Суть операции состояла в том, чтобы встречными ударами двух мощных танковых группировок из районов Орла и Белгорода окружить и уничтожить в Курском выступе основные силы Центрального и Воронежского фронтов. Для проведения «Цитадели» предполагалось привлечь три армии и одну оперативную группу. С целью быстрого взлома советской обороны — «одним ударом» — предписывалось «обеспечить максимальное массирование ударных сил на узком участке» и «создать подавляющее превосходство во всех средствах наступления». Уже к исходу четвертого дня ударные группировки Вермахта должны были встретиться восточнее Курска. В случае успеха планировалось незамедлительно начать операцию «Пантера» — удар от Курска на юго-восток с целью разгрома Юго-Западного фронта, а следом и наступление на Ленинград — «Охота на медведя».

На бумаге все выглядело гладко, бумага, она все стерпит. Но предстояло решить один немаловажный вопрос: откуда все это взять — наилучшее оружие, большое количество боеприпасов, солдатиков — и в короткие сроки? Особенно трудно восполнялись людские потери.

13 января 1943 года Гитлер — деваться некуда — вынужден был подписать приказ о тотальной мобилизации. Все мужчины в возрасте от 16 до 60 лет и женщины от 17 до 45 лет должны были зарегистрироваться для работ военного назначения. Данное мероприятие преследовало цель заменить гражданами и гражданками, занятыми полезными, но сугубо мирными делами — производством дамских зонтиков, газонокосилок, дачных домиков, учебой в университетах или свиноводством, — граждан, работающих на военных заводах и пригодных к использованию в вооруженных силах. Путем перераспределения людских ресурсов, значительного увеличения занятости женщин, позволяющей высвободить мужчин для фронта, намечалось восполнить потери Вермахта и расширить военное производство. В результате тотальной мобилизации до конца марта было взято на учет 3,1 миллиона человек (84% составили женщины). Кроме того, места немецких «пролетариев» у станков, на шахтах и в поле занимали иностранные рабочие, военнопленные и массово вывозимые с оккупированных территорий «остарбайтеры».

Начался усиленный призыв на оккупированных территориях, на фронт направлялись поляки, чехи, словаки, в лагерях вербовались бывшие военнослужащие Красной Армии.

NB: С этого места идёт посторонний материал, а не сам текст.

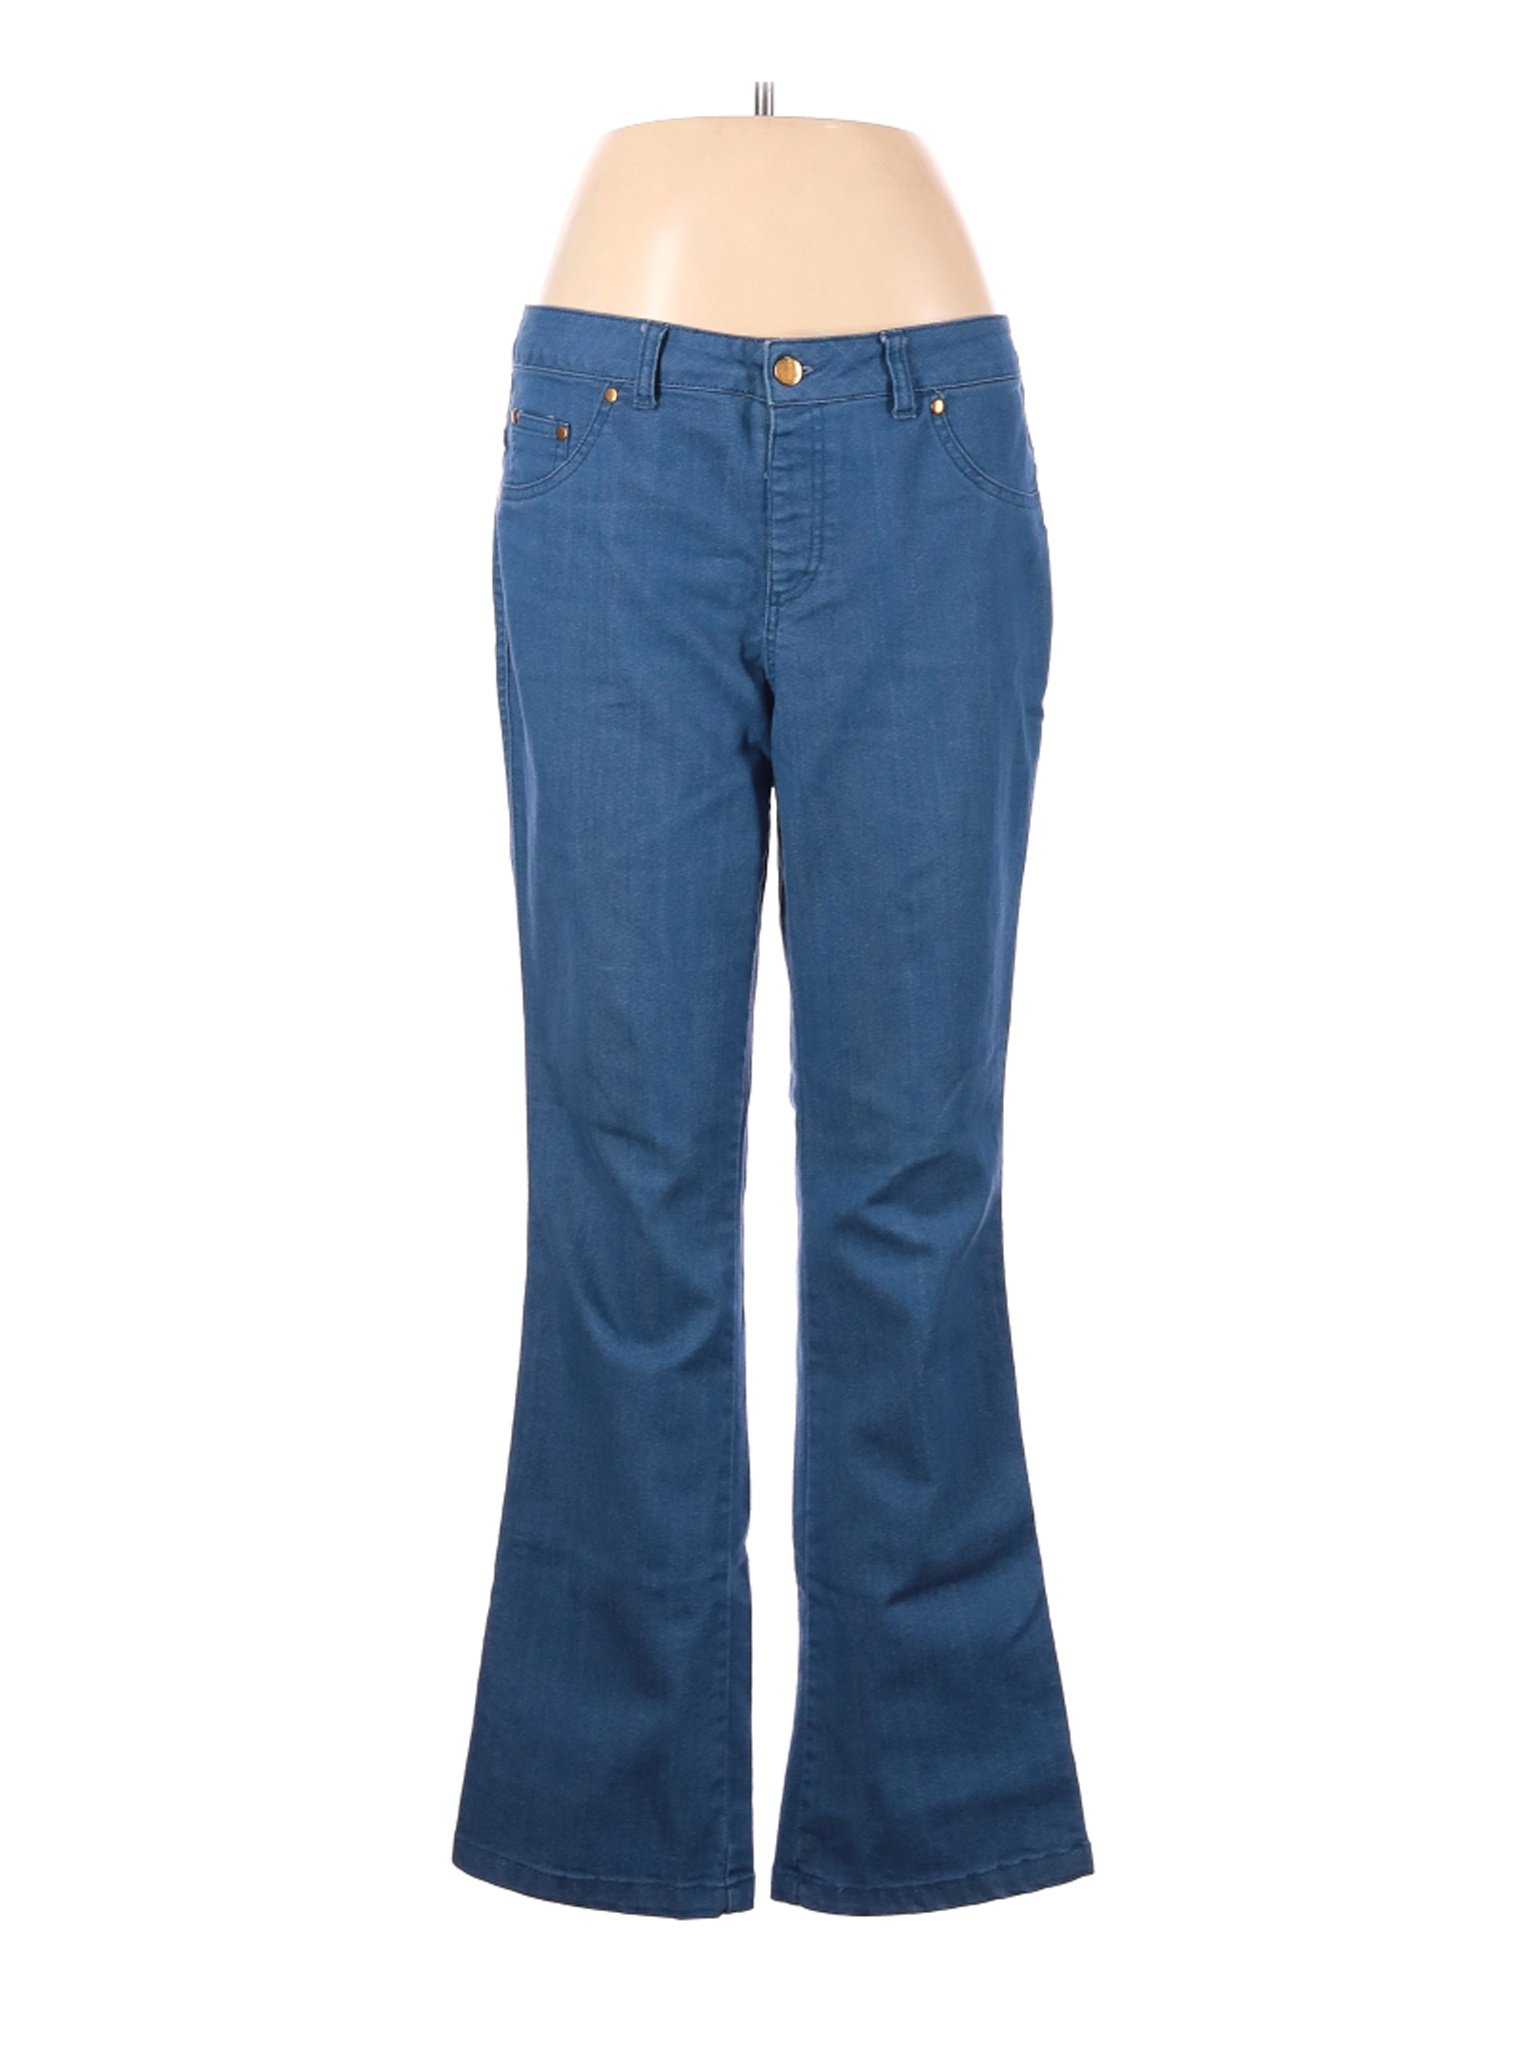 IMAN Women Blue Jeans M | eBay

Пришлось ради такого случая пересмотреть некоторые аспекты расовой политики. Из употребления директивно изъяли термин «недочеловек», а почти все народы «семьи единой» были признаны арийскими и принимались на службу в Вермахт и СС. Геббельс выпустил предписание, в котором запретил «прямо или косвенно» унижать представителей восточных народов и оскорблять их чувство собственного достоинства: «Нельзя изображать этих людей, которые надеются на свое освобождение с нашей помощью, животными, варварами и тому подобным и после этого ожидать, что они будут заинтересованы в победе Германии». Не случайно именно в январе 1943 года было распечатано три миллиона листовок со «Смоленским воззванием Русского комитета», подписанным генералом-предателем А.А. Власовым, призывавшим к сотрудничеству с Германией в деле свержения «клики Сталина» и борьбы с большевизмом «за построение Новой Европы». В этом обращении до сведения русского народа доводились удивительные вещи: «Германия не посягает на жизненное пространство Русского народа и его национально-политическую свободу»; Германия озабочена созданием рая в Европе, а Вермахт, «уничтожив режим террора и насилия», обеспечит русским «справедливость и защиту трудящихся от всякой эксплуатации».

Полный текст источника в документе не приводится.